Keywords: global navigation satellite system, adaptive antenna array, 1 pps-signal, positioning, navigation receiver.
Citation: Kudriasheva P.A., Davydenko A.S. The impact of GNSS spatial signal processing on position and time measurements. Computing, Telecommunications and Control, 2020, Vol. 13, No. 2, Pp. 14-23. DOI: 10.18721/JCSTCS.13202
This is an open access article under the CC BY-NC 4.0 license (https://creativecommons.org/ licenses/by-nc/4.0/).
ВЛИЯНИЕ ПРОСТРАНСТВЕННОЙ ОБРАБОТКИ СИГНАЛОВ ГНСС НА НАВИГАЦИОННО-ВРЕМЕННЫЕ ОПРЕДЕЛЕНИЯ
П.А. Кудряшева, А.С. Давыденко
Санкт-Петербургский политехнический университет Петра Великого,
Санкт-Петербург, Российская Федерация
Повышение помехозащищенности - важная задача, требующая решения в современной приёмной аппаратуре сигналов глобальных навигационных спутниковых систем. Одним из наиболее эффективных методов является пространственная фильтрация на основе адаптивных антенных решеток (ААР). Однако антенная решетка может приводить к появлению дополнительных ошибок в решении навигационной задачи, что делает невозможным использование ААР для приложений, требующих точного позиционирования и точной временной синхронизации. Проведено экспериментальное сравнение навигационных решений, полученных на основе сигналов с одиночной антенны и на основе сигнала на выходе ААР. Результаты показали, что использование ААР в составе приёмной навигационной аппаратуры может привести к задержке выдачи сигнала 1 pps на величину, пропорциональную времени задержки сигнала в цифровой части ААР. Результаты эксперимента также показали, что ААР может привести к появлению ошибки в позиционировании приёмника. Предложены варианты по уменьшению влияния ААР на решение навигационной задачи.
Ключевые слова: глобальная навигационная спутниковая система, адаптивная антенная решетка, 1 pps-сигнал, местоположение, навигационный приёмник.
Ссылка при цитировании: Kudriasheva P.A., Davydenko A.S. The impact of GNSS spatial signal processing on position and time measurements // Computing, Telecommunications and Control. 2020. Vol. 13. No. 2. Pp. 14-23. DOI: 10.18721/JCSTCS.13202
Статья открытого доступа, распространяемая по лицензии CC BY-NC 4.0 (https://creative-commons.org/licenses/by-nc/4.0/).
Introduction
Nowadays global navigation satellite systems (GNSS) find a wide range of applications in various fields of science and technology. GNSS allows determining position and speed of objects with high accuracy, to determine angular orientation and provide time synchronization of GNSS consumer equipment.
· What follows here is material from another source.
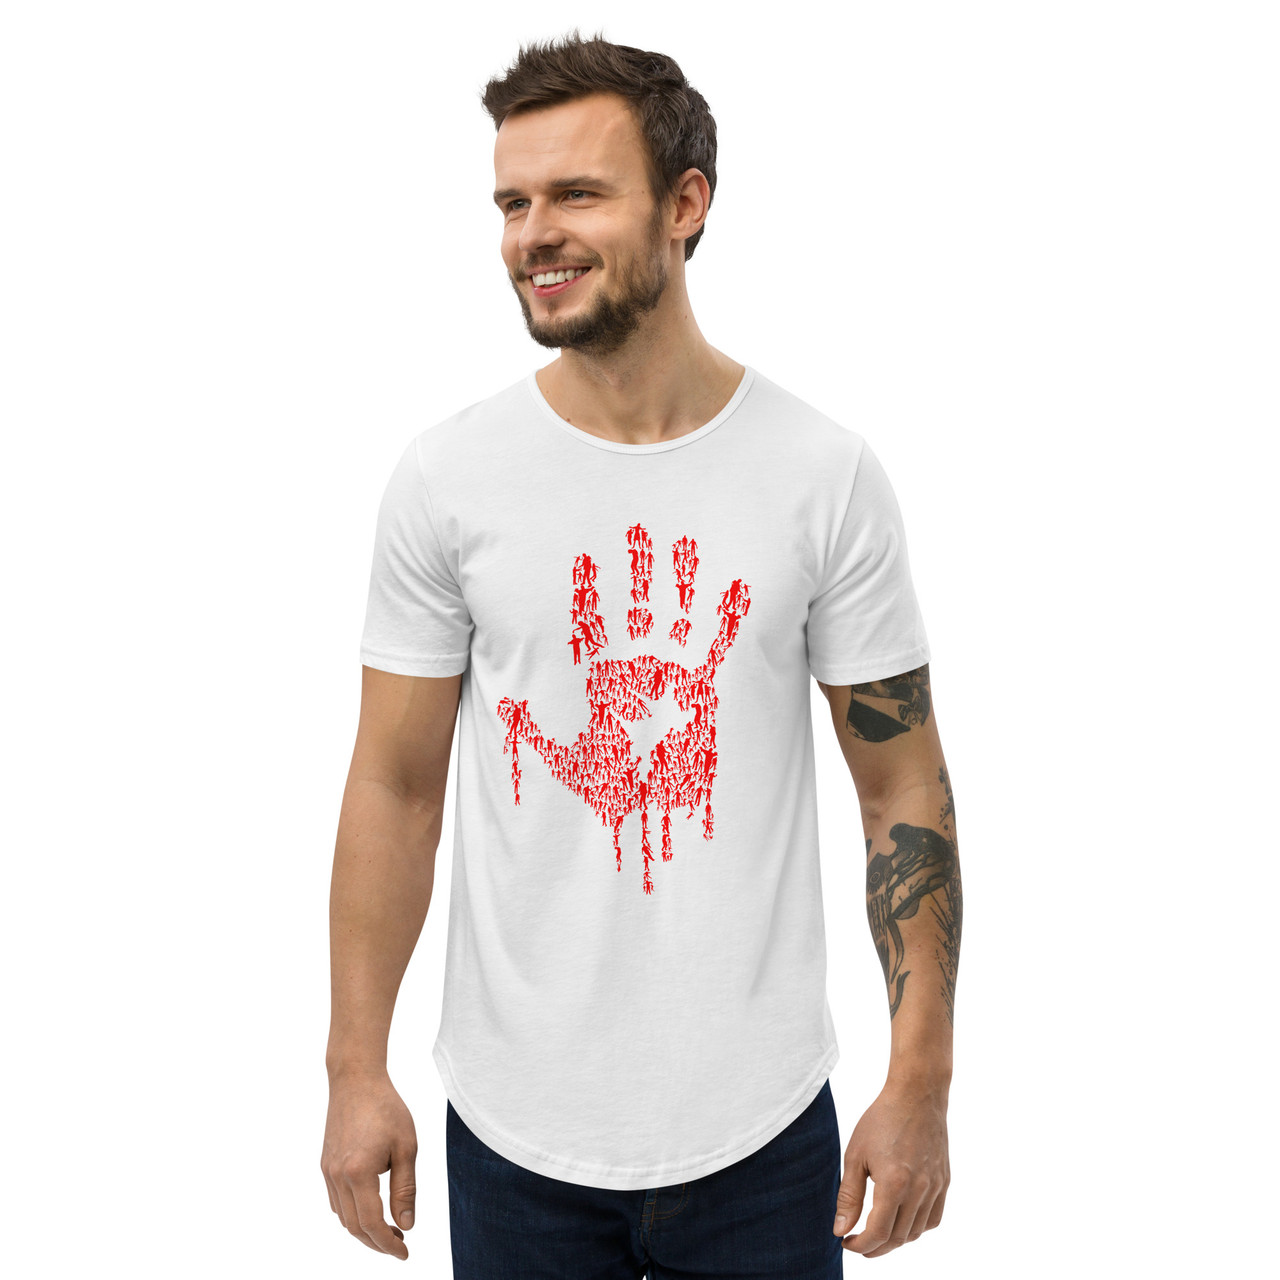 Hand of Zombies Curved Hem Tee - Bella + Canvas 3003

The main vulnerability of GNSS is caused by GNSS equipment susceptibility to intentional interference (jamming signals). One of the main research directions in GNSS is increasing the intentional interferences resistance of GNSS consumer equipment.
Reliable operation of GNSS receivers in the presence of jamming signals can be maintained by interference filtration techniques (time-frequency, polarization, spatial filtration), but the most effective and universal one is supposed to be spatial filtration on adaptive antenna arrays [1-5]. Spatial filtration technique is based on processing signals received on spaced antenna elements.
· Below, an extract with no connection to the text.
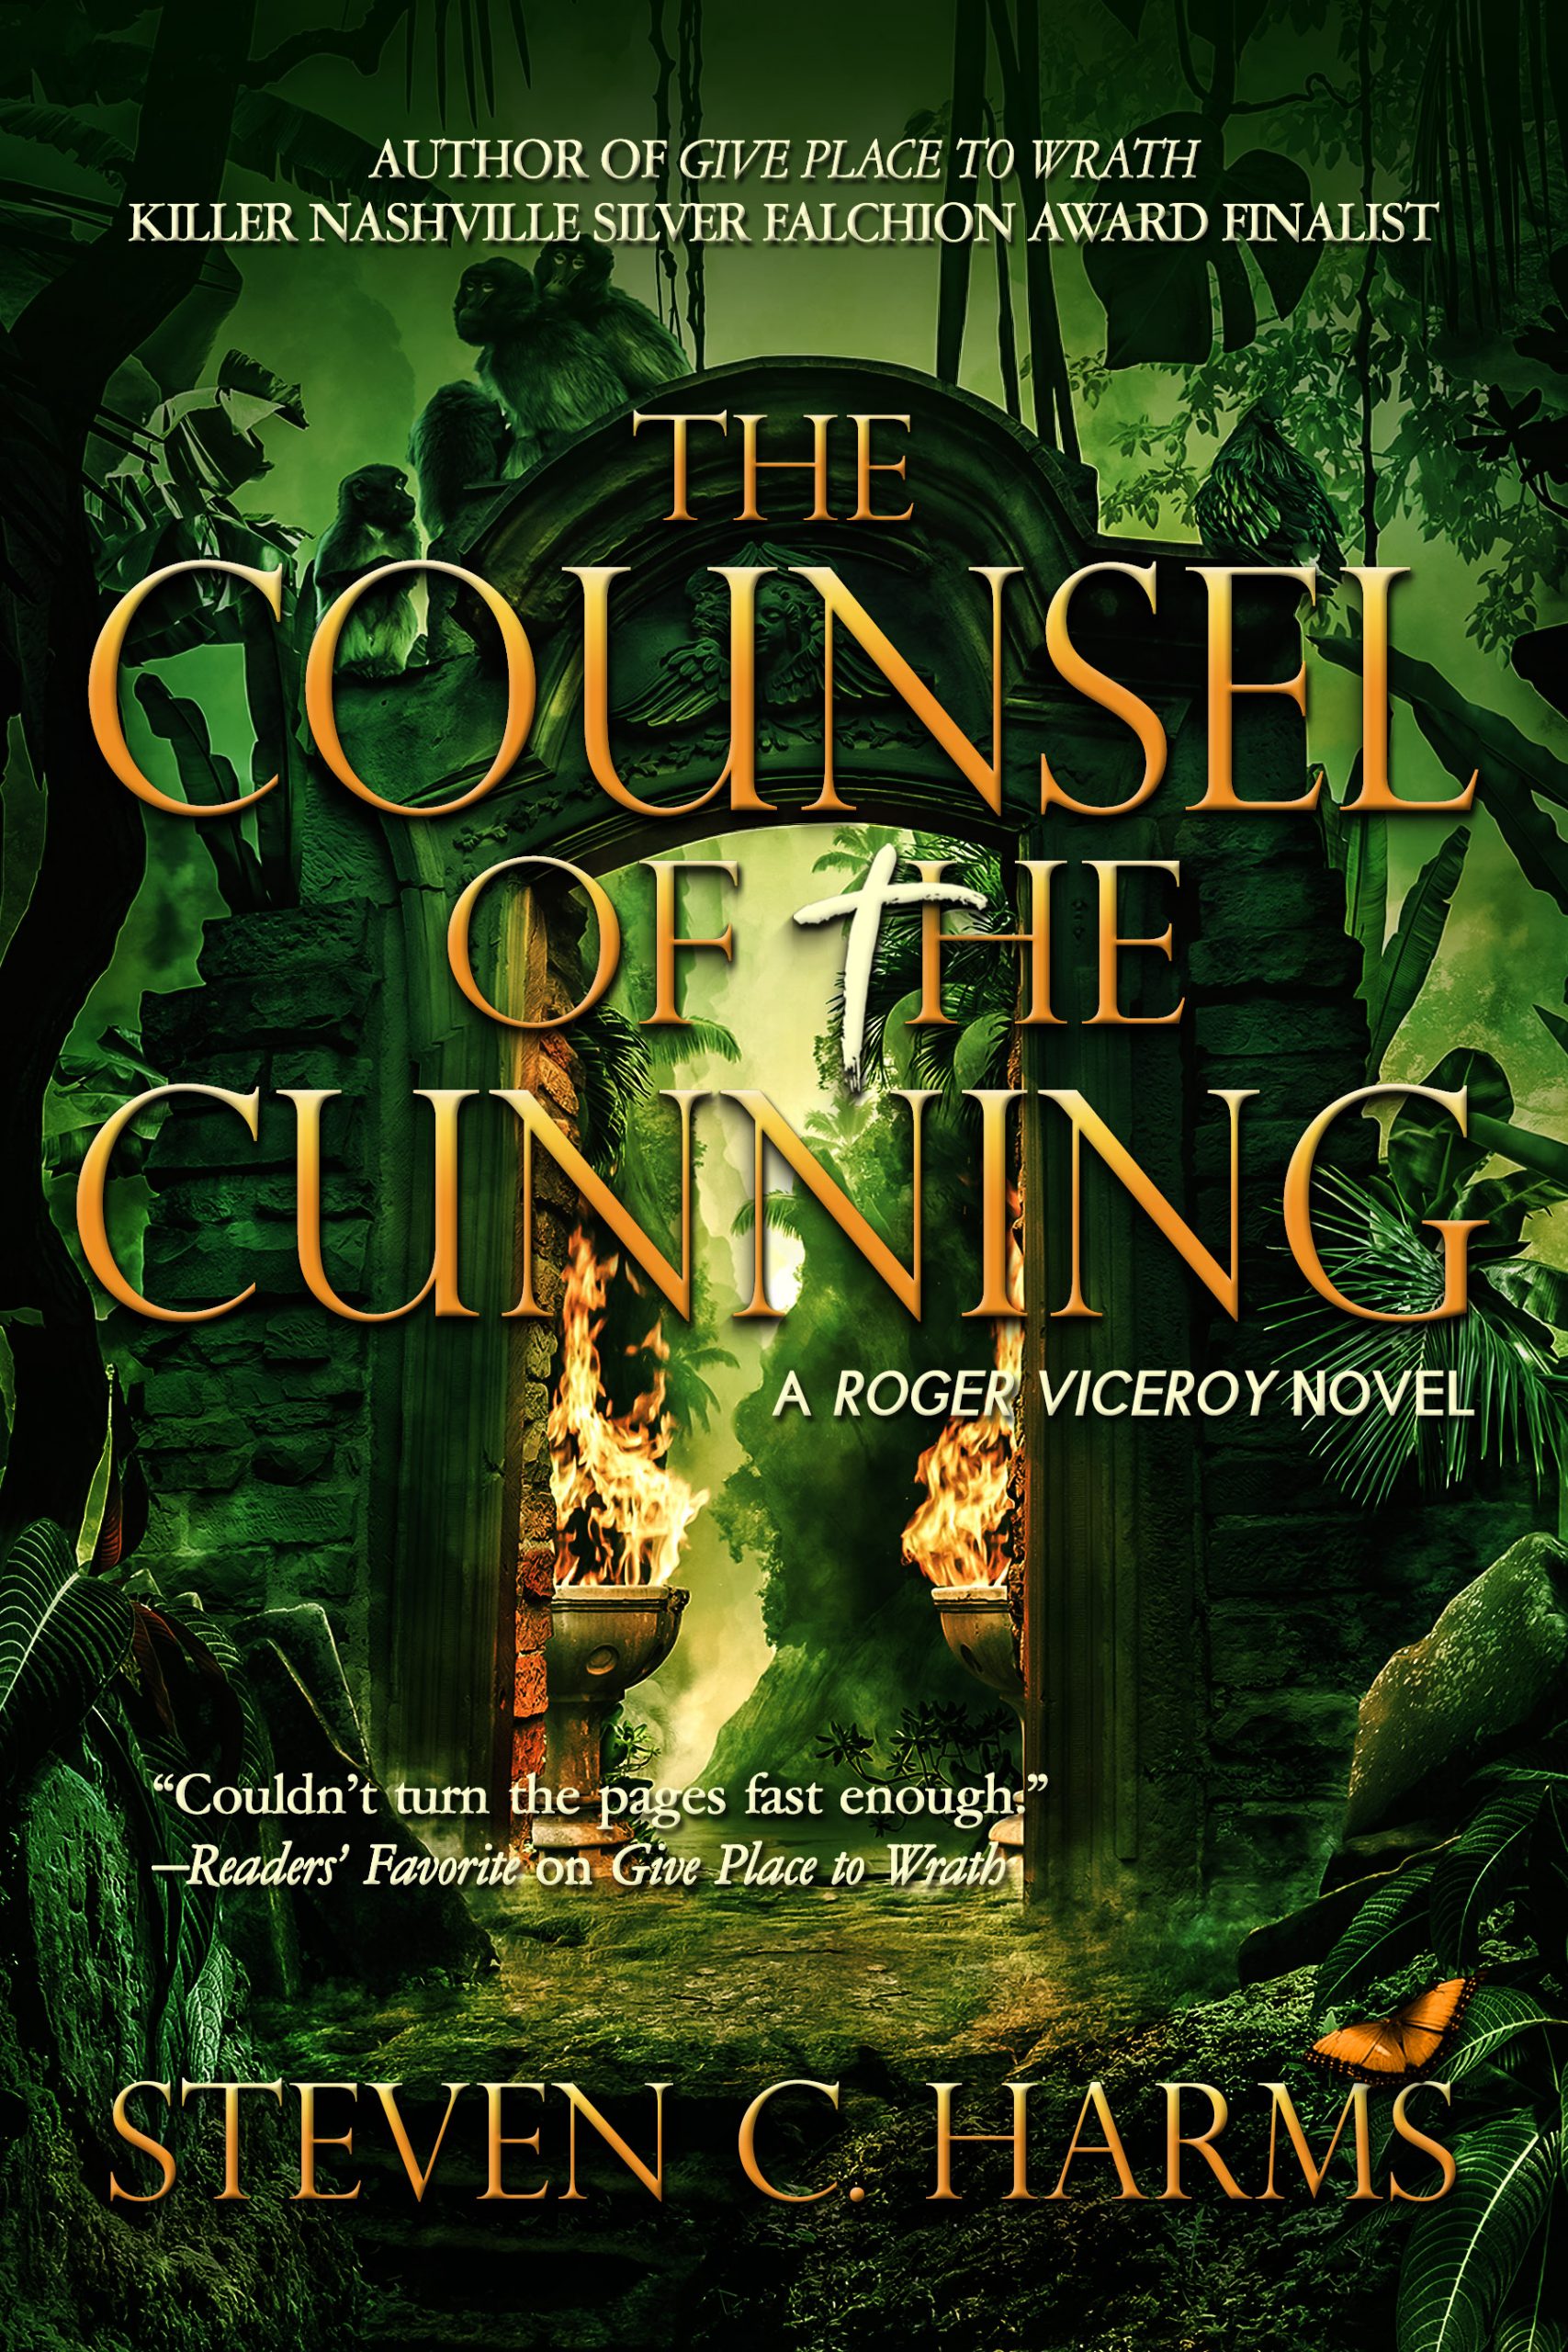 The Counsel of the Cunning by Steven C. Harms

An adaptive antenna array (AAA) is a set of antenna elements whose channels gain can be controlled in amplitude and phase, that feature allows to shape desired radiation pattern of the AAA. To suppress interference, it is necessary to generate zeros of the radiation pattern at the interference arrival directions.
AAA research usually evaluates interference suppression performance and little attention is given to the impact of AAA on signals of interest, particularly on GNSS signals. In practice, the use of weighting processing, non-identical frequency characteristics of receiving channels, the use of antenna elements with non-identical radiation patterns can lead to the formation of additional amplitude-phase shift at the AAA output signal [6-8], the shift can introduce additional error in the solution of the navigation problem. Due to this additional error, the range of AAA applications as a part of navigation equipment (that requires high-precision positioning and/or accurate timing synchronization) can be reduced.
In papers [8-12] the influence of AAA on the operation of a GNSS receiver is shown by estimation of intermediate parameters of GNSS signal processing: pseudo-ranges and code or carrier phase biases. These papers do not describe how pseudo-ranges or phase biases could affect positioning or time synchronization pulse generating. In addition, the final result depends on the type of AAA algorithm used. In [13] the measured time delay is achieved in a few decimeters. In [14] after estimating the offset, the receiver offset errors could be compensated either in the navigation processor or in the tracking loop of the GNSS receiver. The simulation demonstrated centimeter-level bias correction accuracy.
The navigation solution can be produced on the basis of code or phase measurements [8-12], but in this work, we pay attention to code measurements.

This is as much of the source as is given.